§ SUPPLIED INFORMATION
════

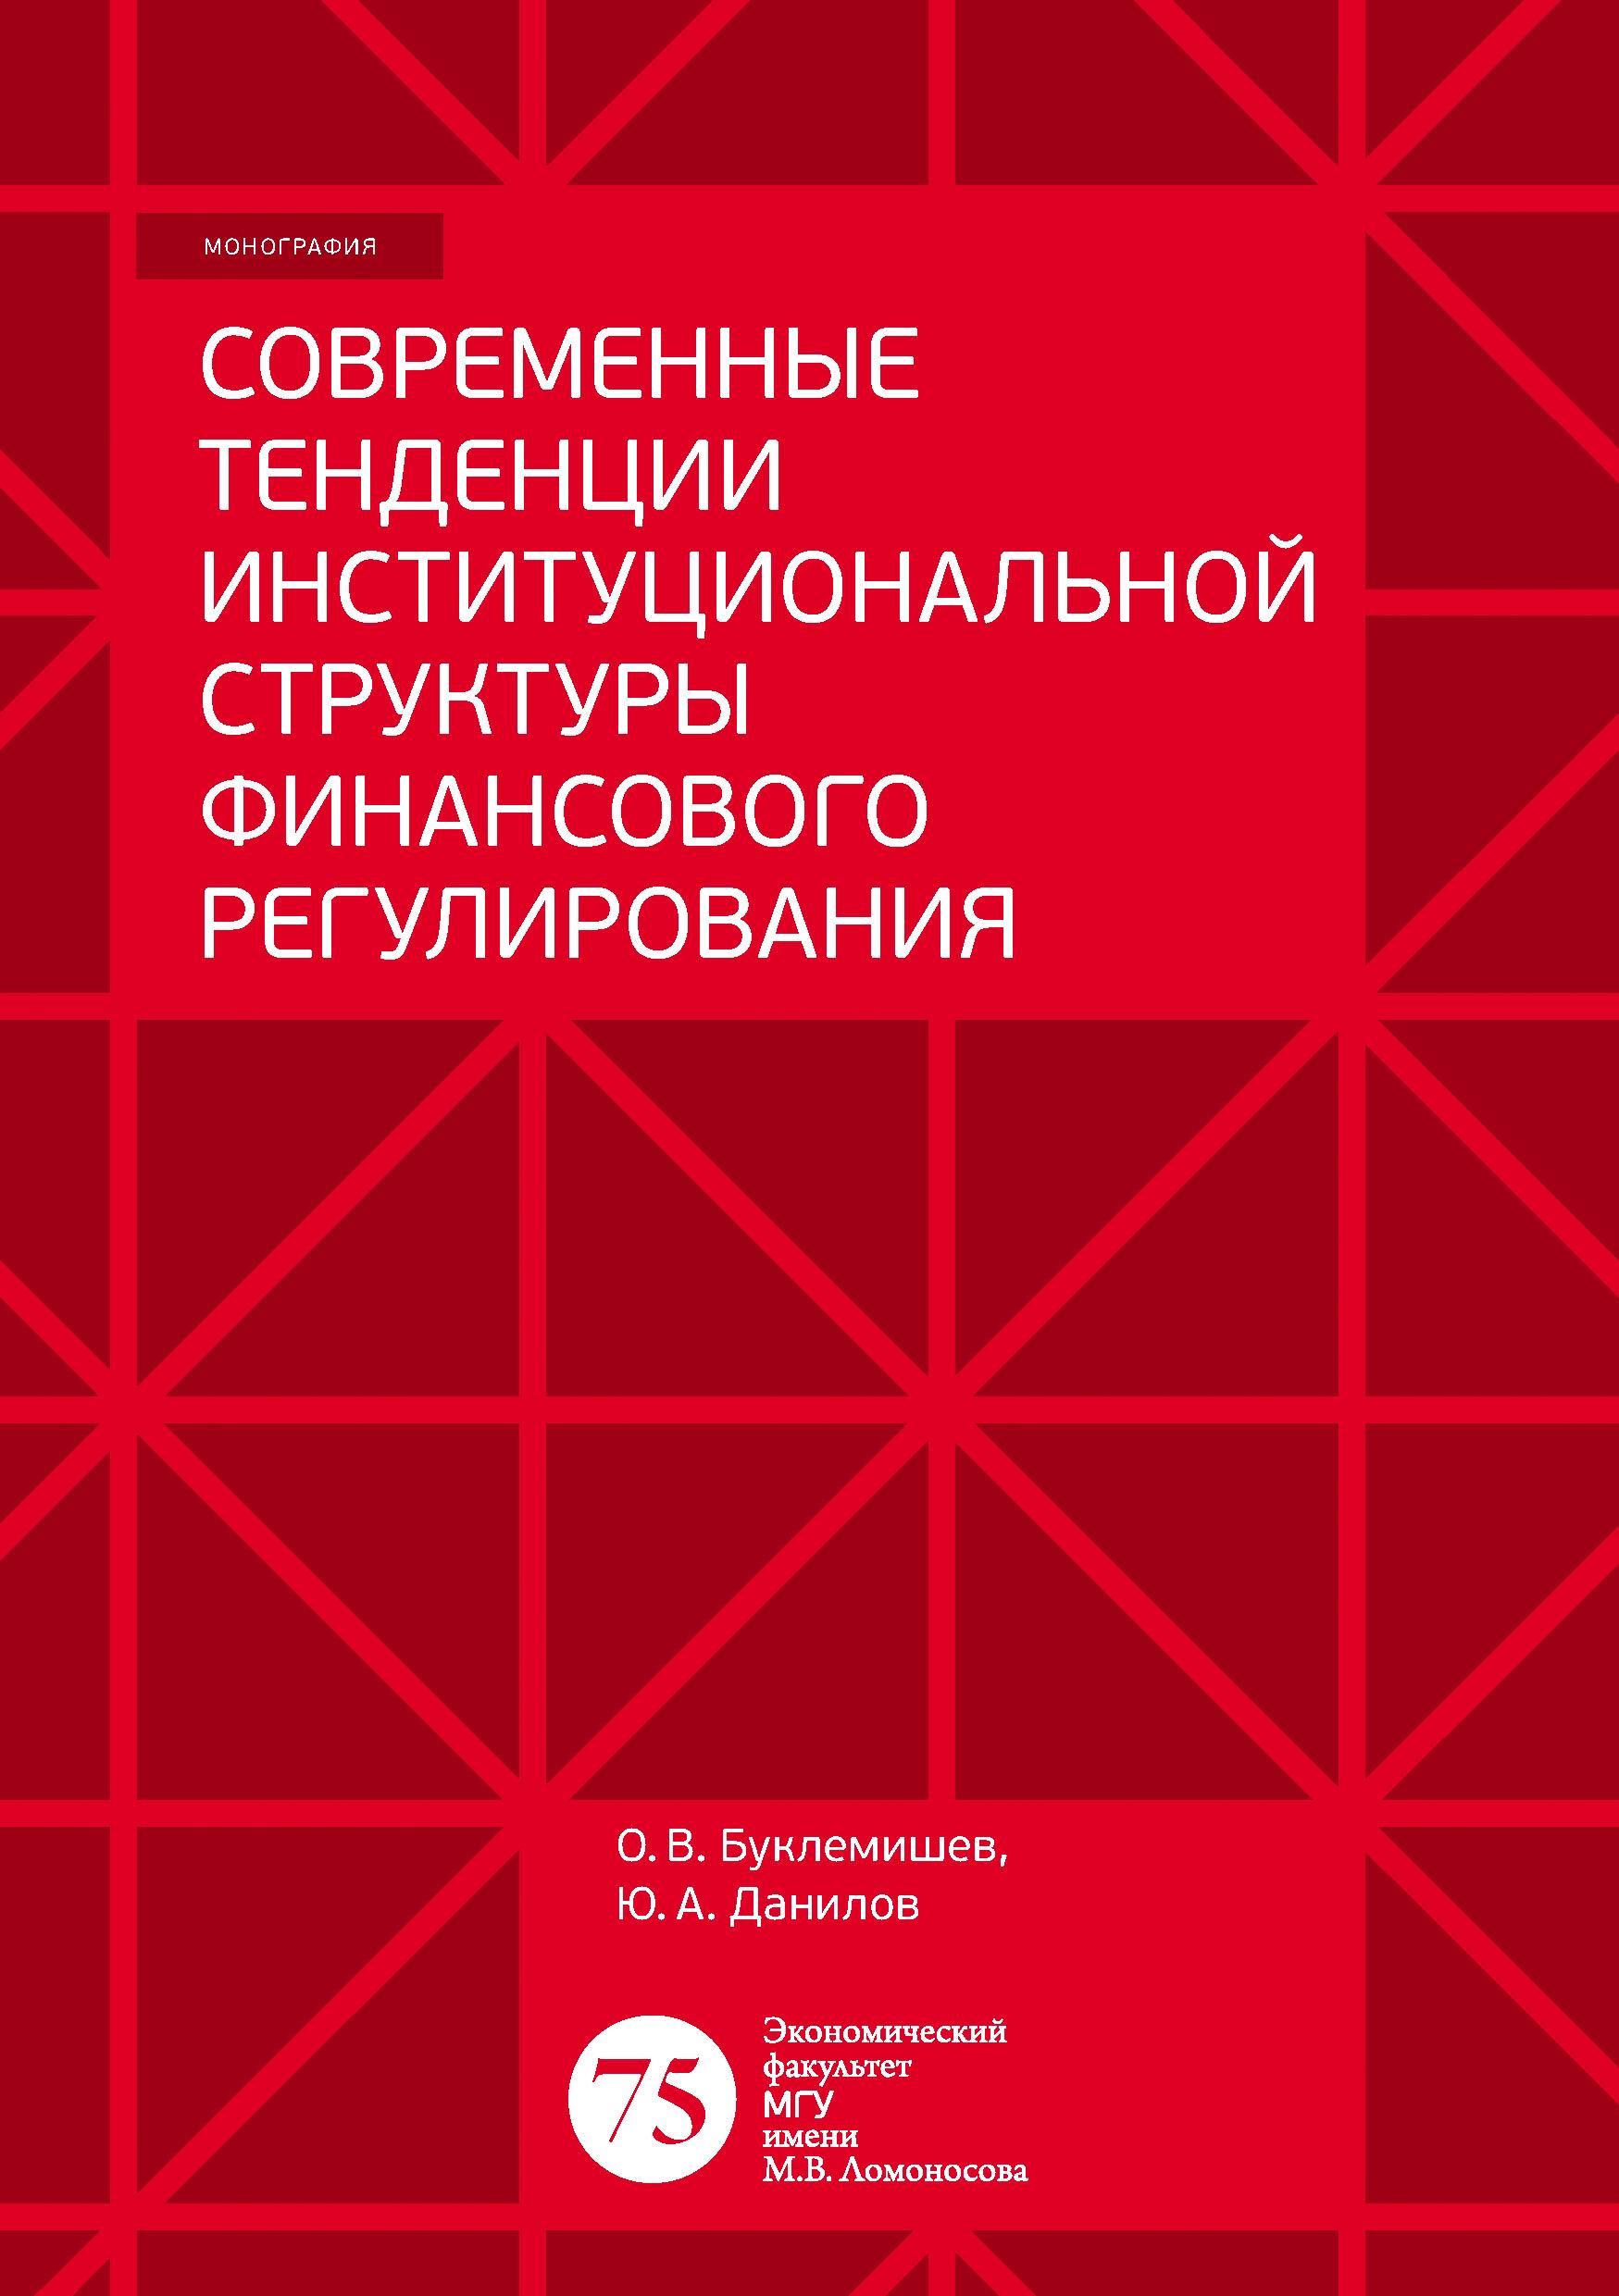 Ю. А. Данилов Современные тенденции институциональной структуры финансового регулирования цена
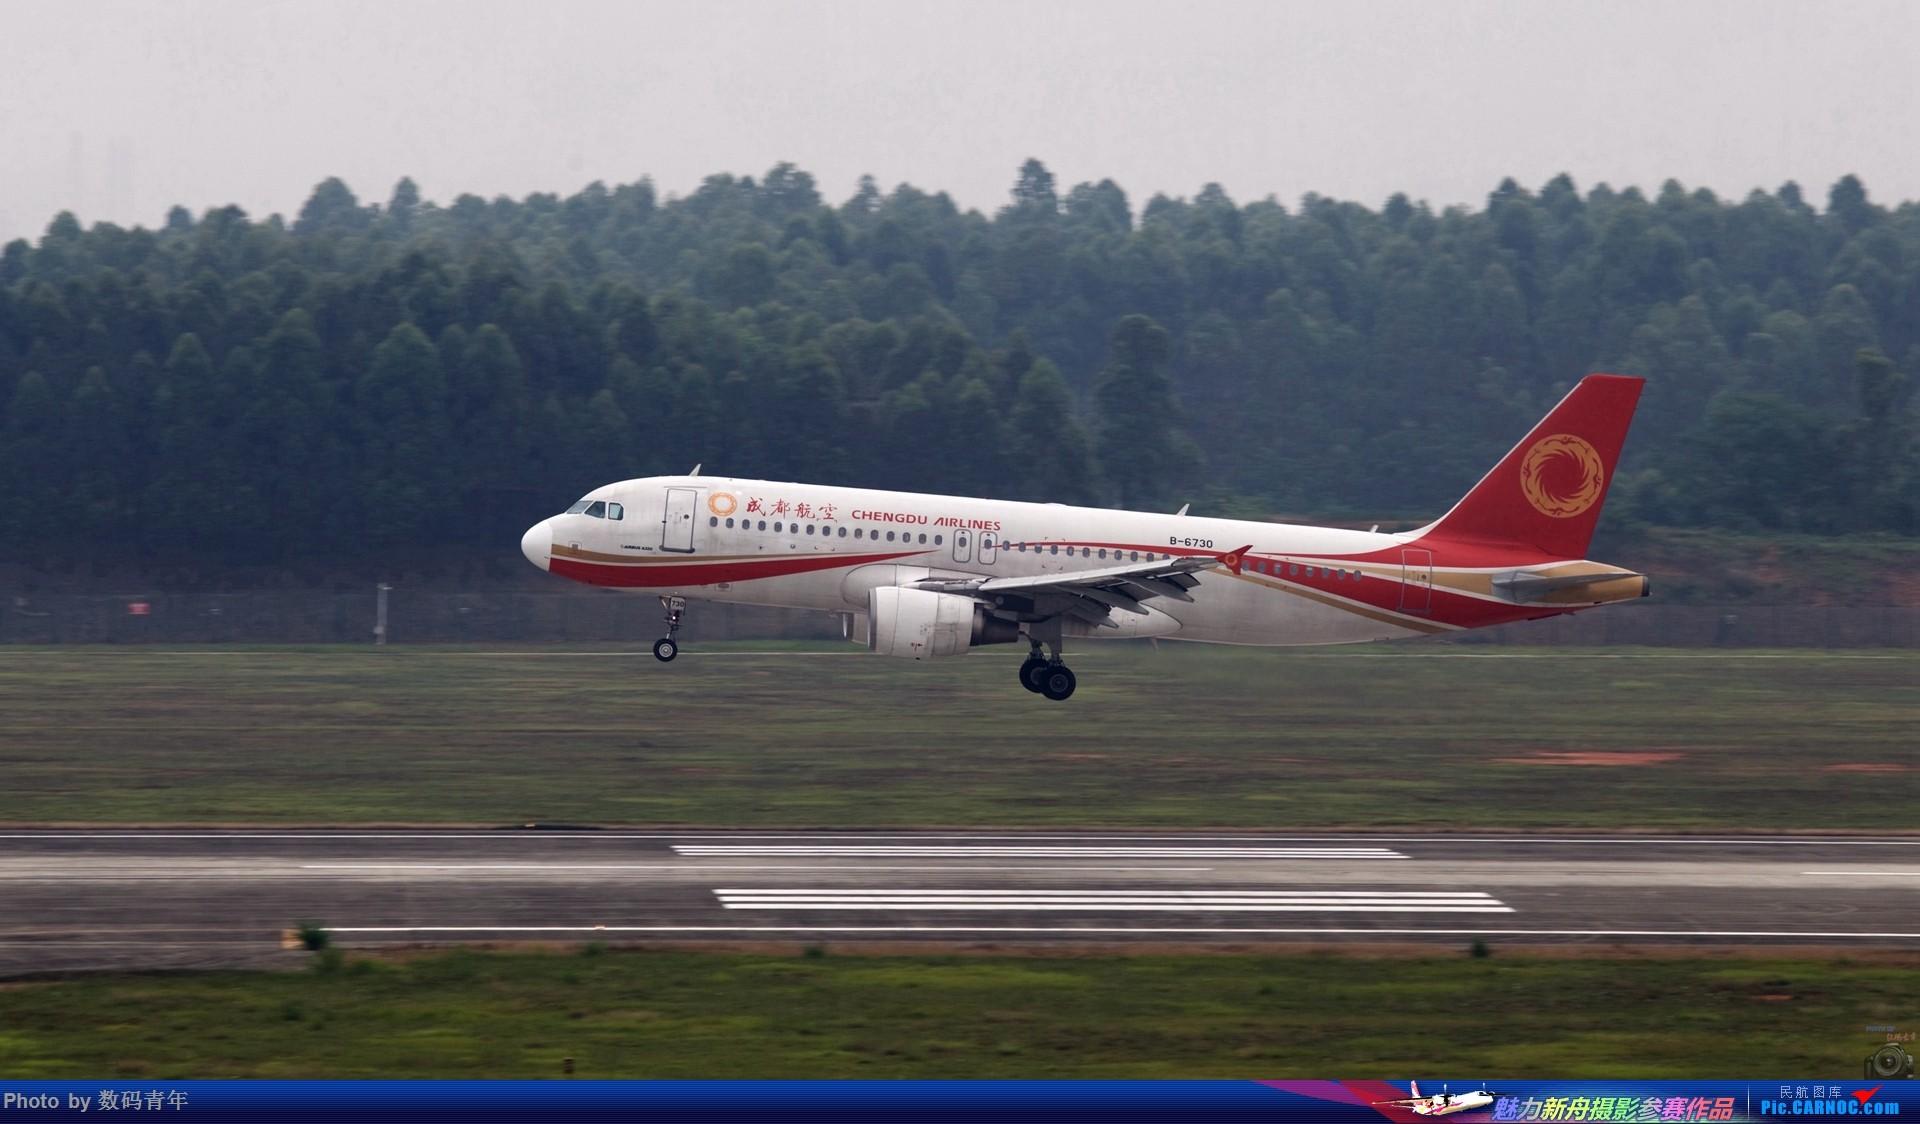 Re:[原创]重出江湖【CTU】2015.5.17打飞机 AIRBUS A320-200 B-6730 中国成都双流国际机场
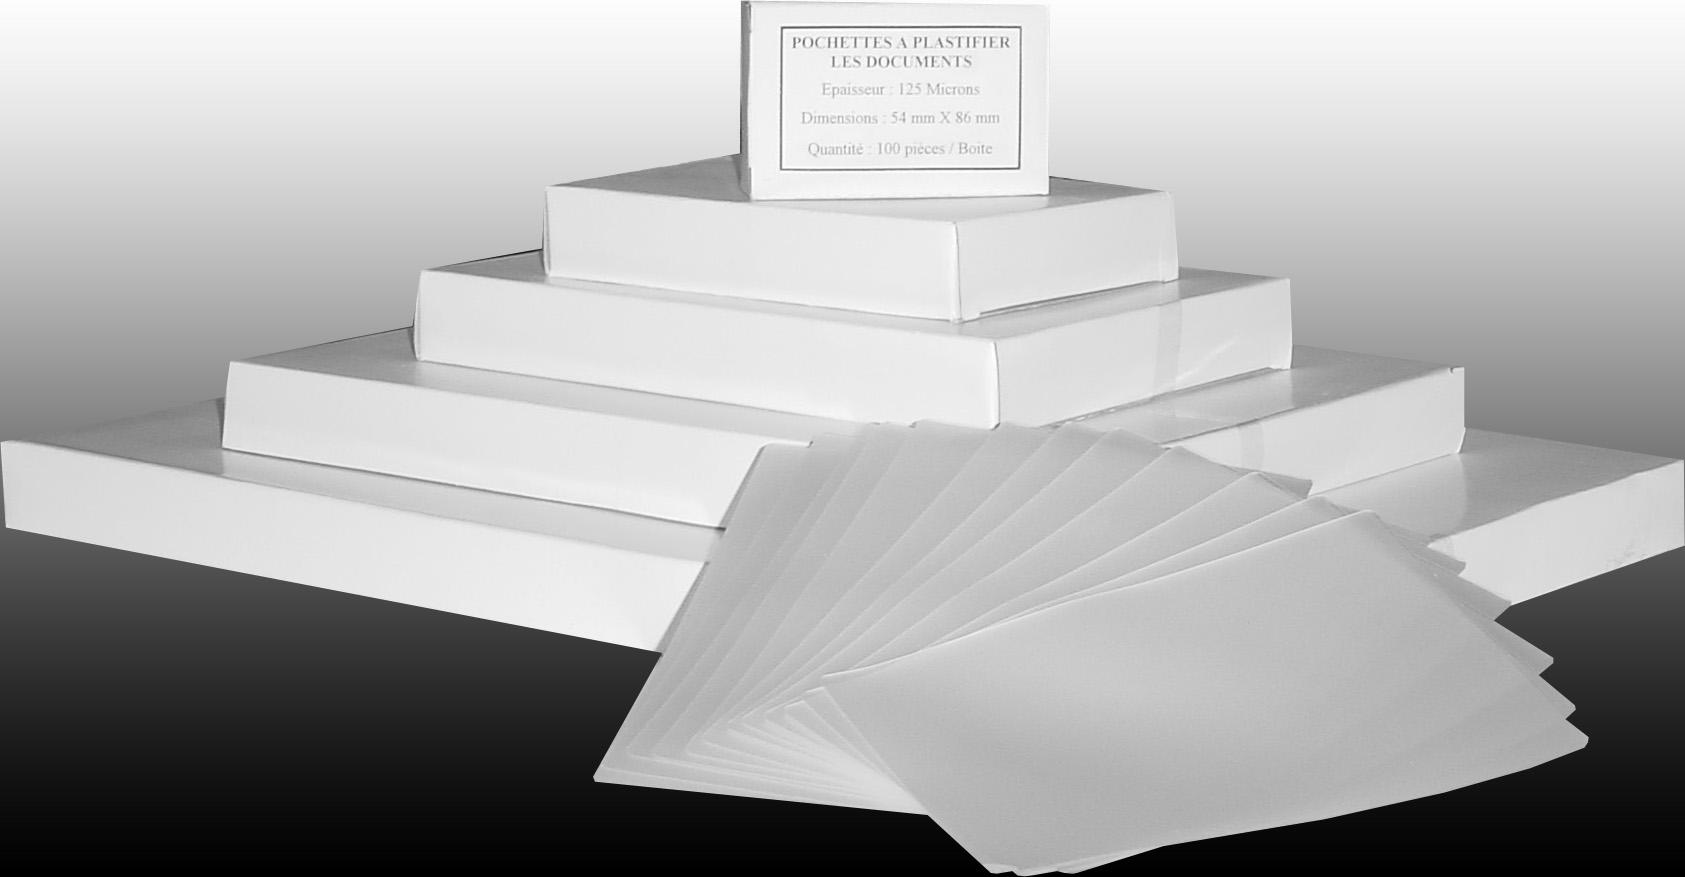 Societe FLOUX Pochettes A Plastifier Les Documents

════

§ EXERCISE GOAL
All of the material above must be retyped exactly, line for line, with the images dropped.

§ COMPLETED EXERCISE
 Ю. А. Данилов Современные тенденции институциональной структуры финансового регулирования цена
 Re:[原创]重出江湖【CTU】2015.5.17打飞机 AIRBUS A320-200 B-6730 中国成都双流国际机场
 Societe FLOUX Pochettes A Plastifier Les Documents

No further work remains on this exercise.